Lawsuit to reignite health-care debate; Cambie Surgery Centre's practice of billing pat... - 0 views

  • The Globe and Mail Wed Aug 31 2016
  • Brian Day, a crusader for greater private health-care access, will be in a Vancouver courtroom next week for the start of a lawsuit challenging provincial rules that pertain to his clinic's practice of billing patients for procedures offered in the public system. While the hearing challenging B.C. regulations that ban private care for medically necessary services is expected to last six months, a bullish Dr. Day said in an interview on Tuesday that victory is inevitable "because we're right." The hearing begins next Tuesday in B.C. Supreme Court. On one side is the Cambie Surgery Centre, which describes itself as Canada's only free-standing hospital of its kind, as well as patients who are listed in the lawsuit as plaintiffs. On the other side is British Columbia's Medical Services Commission and the provincial Health Ministry.

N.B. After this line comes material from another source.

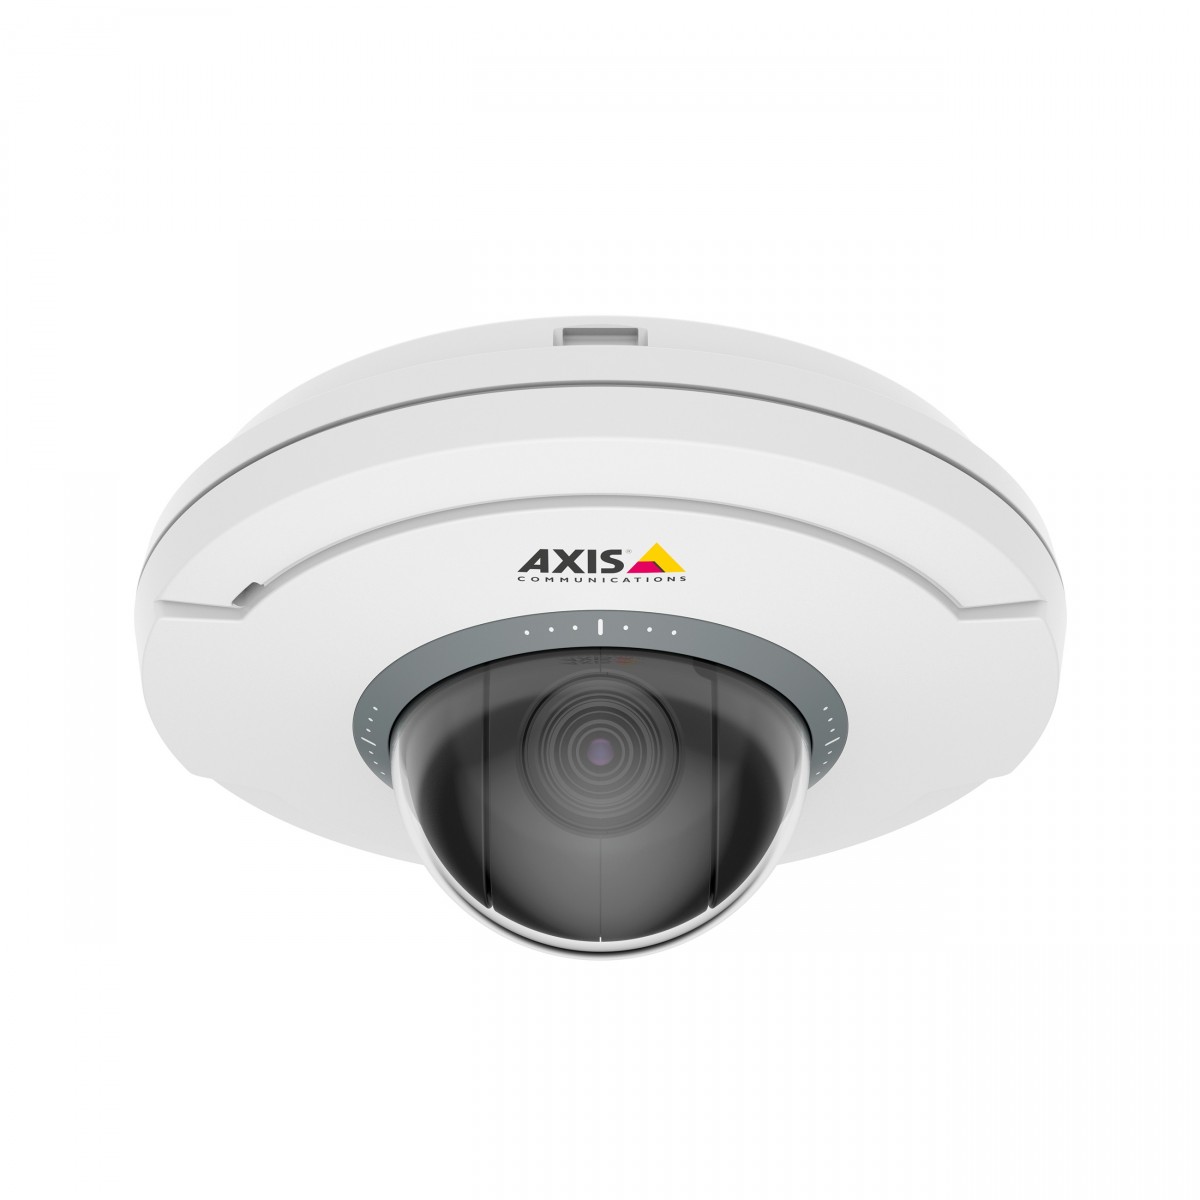 Axis M5075-G Ceiling-mount mini PTZ dome cam 5x Optical zoom autofocus HDTV 1080p 30fps H.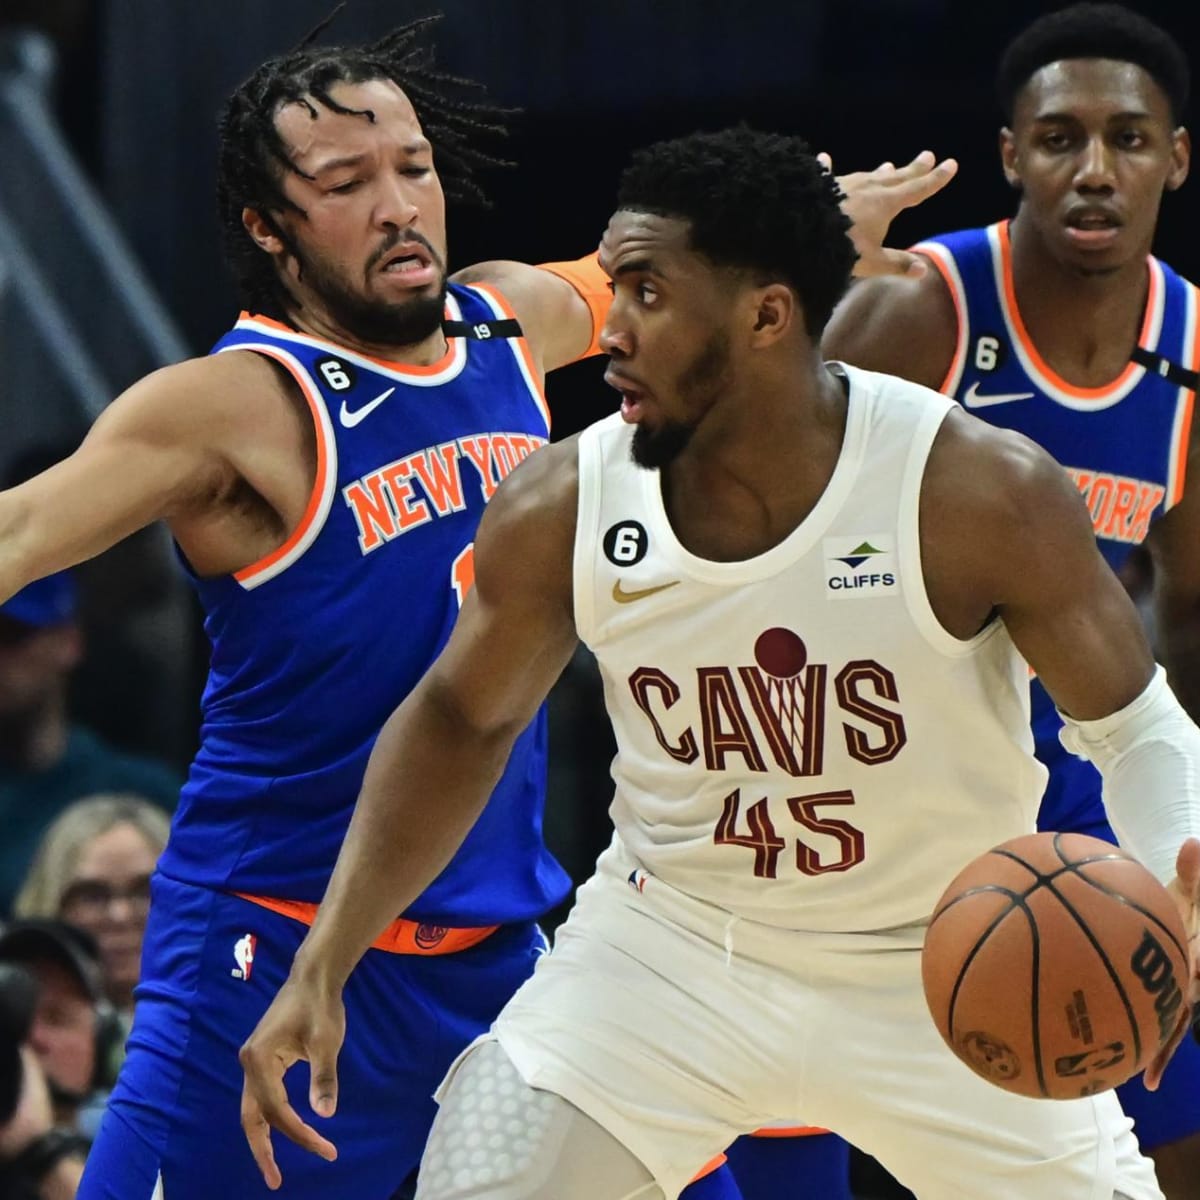 Knicks move closer to playoffs behind Brunson's 48 vs. Cavs

  • The case promises to reignite a debate whose last major legal test occurred in 2005, when the Supreme Court of Canada ruled that a Quebec ban on private health care was unconstitutional. Dr. Day is the medical director at the Cambie clinic, which specializes in anthroposcopic surgery and allows patients to pay out-of-pocket rather than wait for care in the public system. The provincial government has previously audited the clinic and alleged its billing practices were illegal, though for years it did little to actually intervene. Dr. Day and his patients argue that restrictions on private care are unconstitutional. The orthopedic surgeon and past-president of the Canadian Medical Association said he is motivated by a key belief. "You should not suffer or die because of a wait list," he said. "Access to a waiting list is not access to health care." The B.C. government says it is simply enforcing the law.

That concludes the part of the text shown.